AKS as Azure DevOps agents- Intro

You might have heard of AKS for deploying apps, but did you know it can also improve your DevOps process? In this article, we’ll dive into how we can use AKS as agents specifically in azure devops, to make the DevOps life easier.

AKS isn’t just for deploying apps. It’s like a magic box of containers and these containers are perfect for your DevOps agents. Why? Because they’re like mini VMs that can run your tasks without messing up anything else.

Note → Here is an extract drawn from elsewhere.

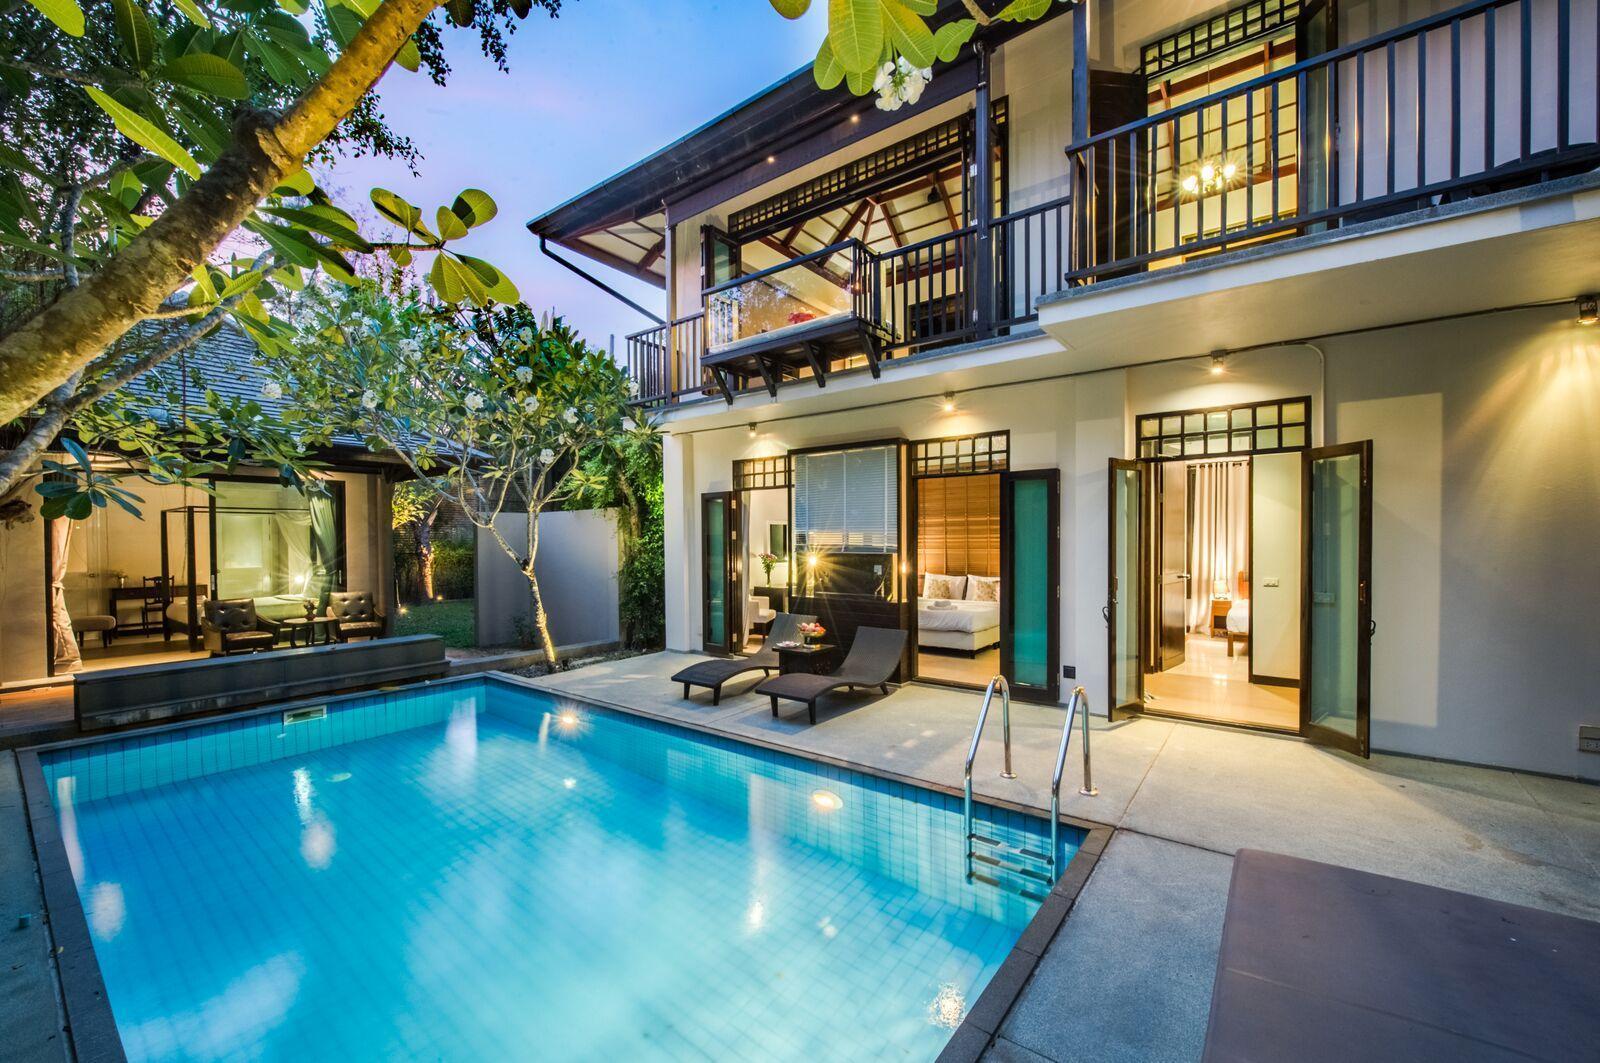 Phureesala Pool Villa 3 bedrooms (A2) วิลลา 3 ห้องนอน 4 ห้องน้ำส่วนตัว ขนาด 400 ตร.ม. – บางเทา
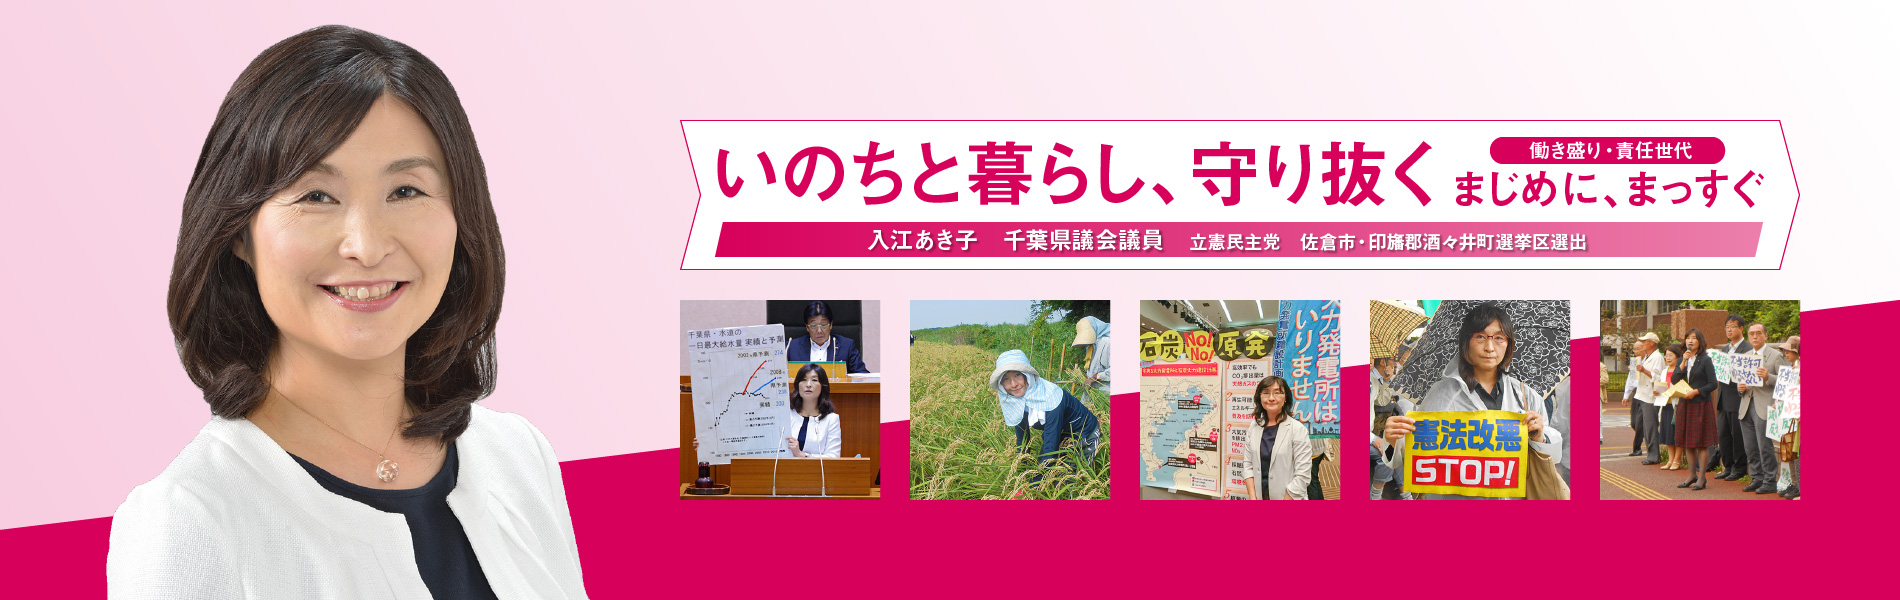 入江あき子 千葉県議会議員

The isolation and consistency in image configuration suits well for running a pipeline. Following are the other advantages of using kubernetes as devops agents. This article is an intro for resolving the aks docker build task limitations.

Advantages

1. Scalability on demand and improved Autoscaling : Utilizing Kubernetes Event-driven Autoscaling (KEDA), AKS can dynamically scale agent pods based on Azure DevOps job events, optimizing resource allocation and ensuring efficient workload handling.
2. Cost Savings: AKS allows multiple agents to run on a single virtual machine (VM), reducing infrastructure costs compared to the traditional approach of one VM per agent.
3. Auto Garbage Collection and Auto Healing: AKS takes advantage of Kubernetes’ auto garbage collection and auto healing features, decreasing the risk of memory failures and enhancing system reliability.
4. Consistent Configuration: With AKS, all agent pods share the same configuration due to containerization. This minimizes the potential for configuration errors, resulting in predictable and consistent agent behavior.
5. Enhanced Isolation and Security: The containerized nature of AKS ensures strong isolation between different agent tasks. This isolation minimizes the risk of conflicts and enhances security, as issues in one agent won’t affect others.
6. Simplified Maintenance: AKS handles updates and patches for underlying infrastructure, reducing the operational burden of managing and maintaining the agent environment.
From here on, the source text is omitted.